The plan it comes up with is:

Nested Loop Left Join (cost=469.00..1063.39 rows=1 width=4) (actual time=288.962..288.962 rows=0 loops=1)
Filter: (c.id IS NULL)
-> Hash Left Join (cost=469.00..1063.00 rows=1 width=8) (actual time=288.946..288.946 rows=0 loops=1)
Hash Cond: (a.id = b.id)
Filter: (b.id IS NULL)
-> Seq Scan on items a (cost=0.00..344.00 rows=10000 width=4) (actual time=0.080..50.973 rows=10000 loops=1)
-> Hash (cost=344.00..344.00 rows=10000 width=4) (actual time=140.880..140.880 rows=10000 loops=1)
-> Seq Scan on items b (cost=0.00..344.00 rows=10000 width=4) (actual time=0.046..69.395 rows=10000 loops=1)
-> Index Scan using items_pkey on items c (cost=0.00..0.38 rows=1 width=4) (never executed)
Index Cond: (b.id = c.id)
Filter: (c.number = 1)

After reducing join_collapse_limit to 1, we get the right join order and
the right answers:

Hash Left Join (cost=750.54..1132.05 rows=1 width=4) (actual time=409.712..409.740 rows=2 loops=1)
Hash Cond: (a.id = b.id)
Filter: (b.id IS NULL)
-> Seq Scan on items a (cost=0.00..344.00 rows=10000 width=4) (actual time=0.100..51.052 rows=10000 loops=1)
-> Hash (cost=750.52..750.52 rows=1 width=4) (actual time=264.978..264.978 rows=9998 loops=1)
-> Hash Left Join (cost=369.01..750.52 rows=1 width=4) (actual time=30.074..192.023 rows=9998 loops=1)
Hash Cond: (b.id = c.id)
Filter: (c.id IS NULL)
-> Seq Scan on items b (cost=0.00..344.00 rows=10000 width=4) (actual time=0.030..50.913 rows=10000 loops=1)
-> Hash (cost=369.00..369.00 rows=1 width=4) (actual time=29.976..29.976 rows=2 loops=1)
-> Seq Scan on items c (cost=0.00..369.00 rows=1 width=4) (actual time=29.896..29.916 rows=2 loops=1)
Filter: (number = 1)

So there is something wrong with the rule used for deciding whether two
LEFT JOINs can commute.
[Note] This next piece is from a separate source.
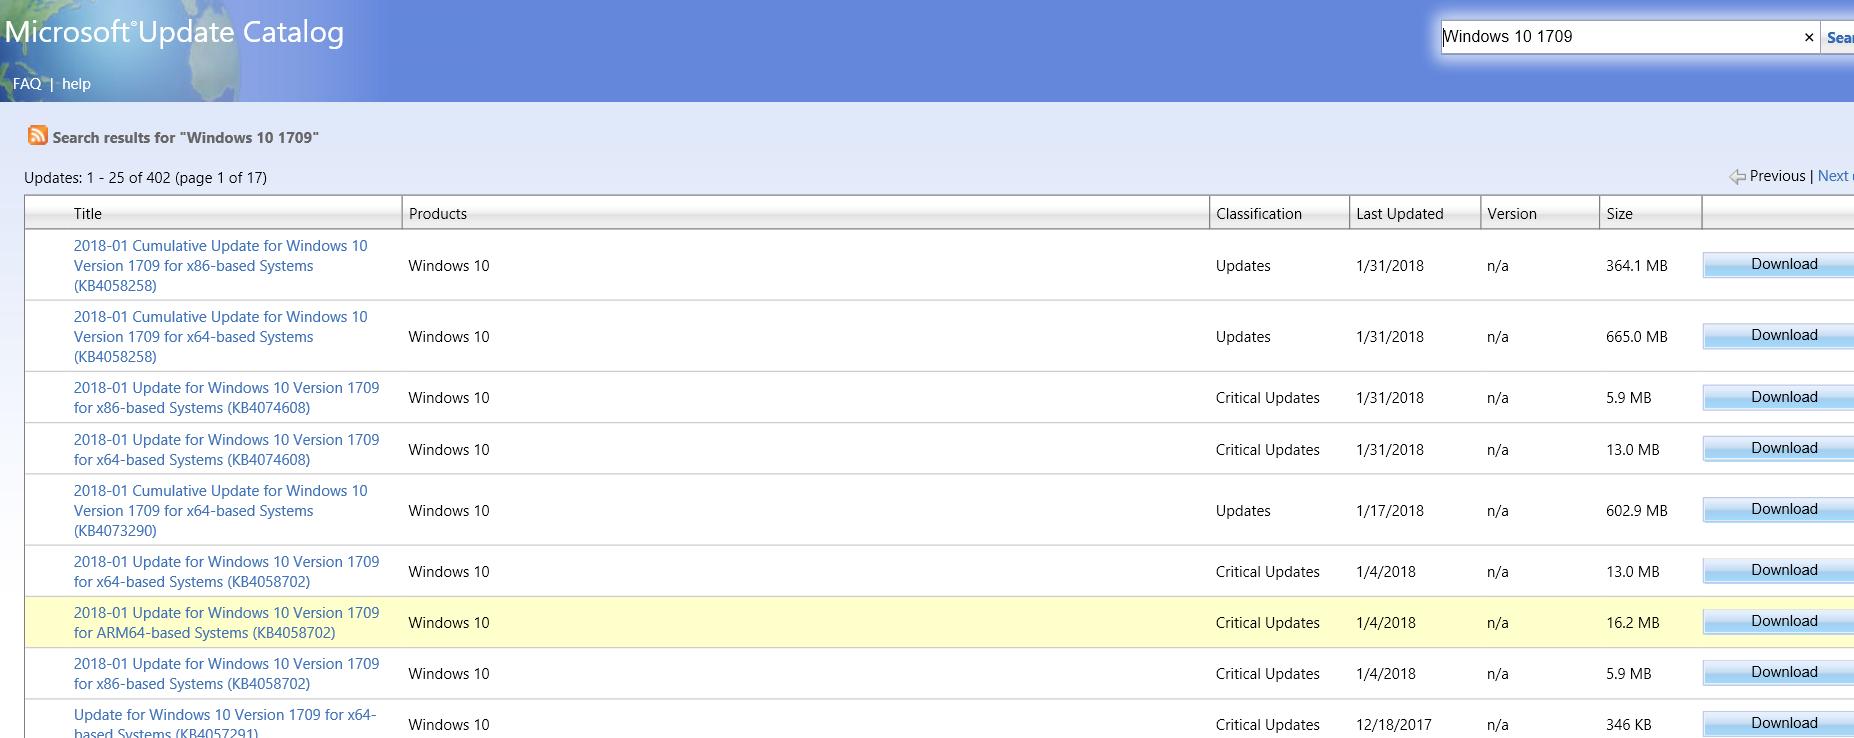 microsoft update catalog windows 10 version 1703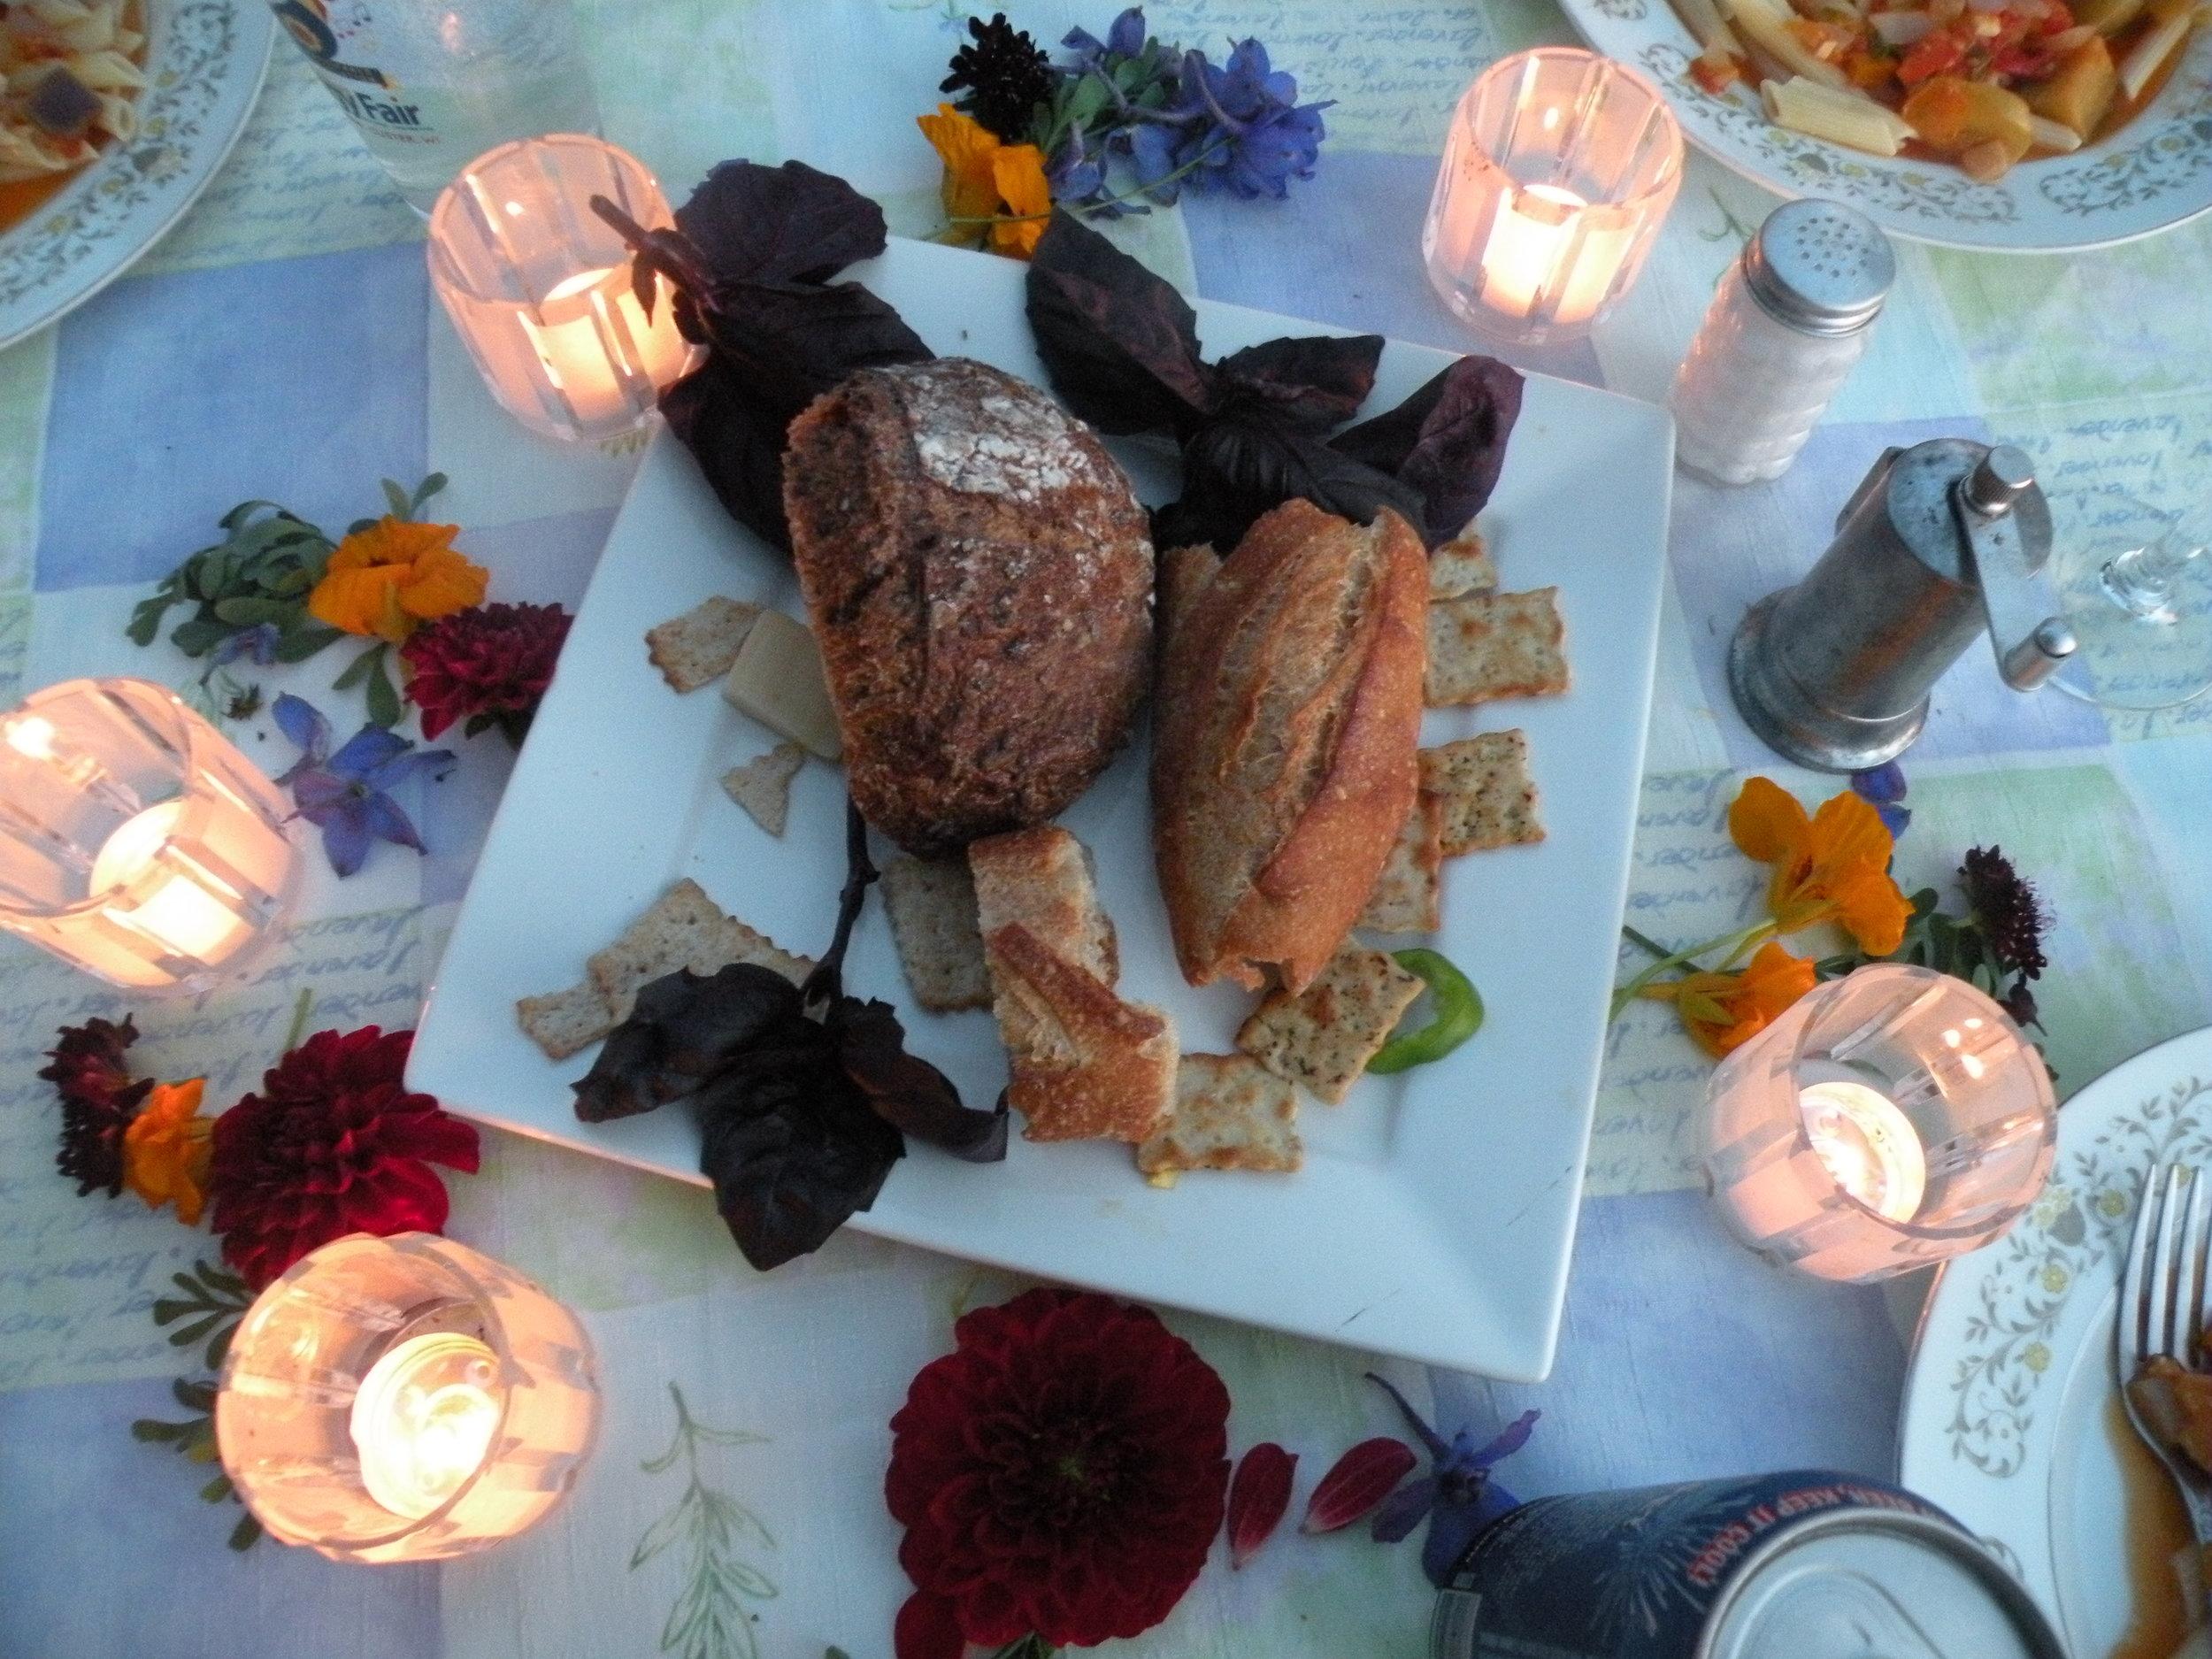 Appetizing on basil and calendula blooms

Per the planner README:

: The planner's treatment of outer join reordering is based on the following
: identities:
:
: 1. (A leftjoin B on (Pab)) innerjoin C on (Pac)
: = (A innerjoin C on (Pac)) leftjoin B on (Pab)
:
: where Pac is a predicate referencing A and C, etc (in this case, clearly
: Pac cannot reference B, or the transformation is nonsensical).
:
: 2. (A leftjoin B on (Pab)) leftjoin C on (Pac)
: = (A leftjoin C on (Pac)) leftjoin B on (Pab)
:
: 3. (A leftjoin B on (Pab)) leftjoin C on (Pbc)
: = A leftjoin (B leftjoin C on (Pbc)) on (Pab)
:
: Identity 3 only holds if predicate Pbc must fail for all-null B rows
: (that is, Pbc is strict for at least one column of B). If Pbc is not
: strict, the first form might produce some rows with nonnull C columns
: where the second form would make those entries null.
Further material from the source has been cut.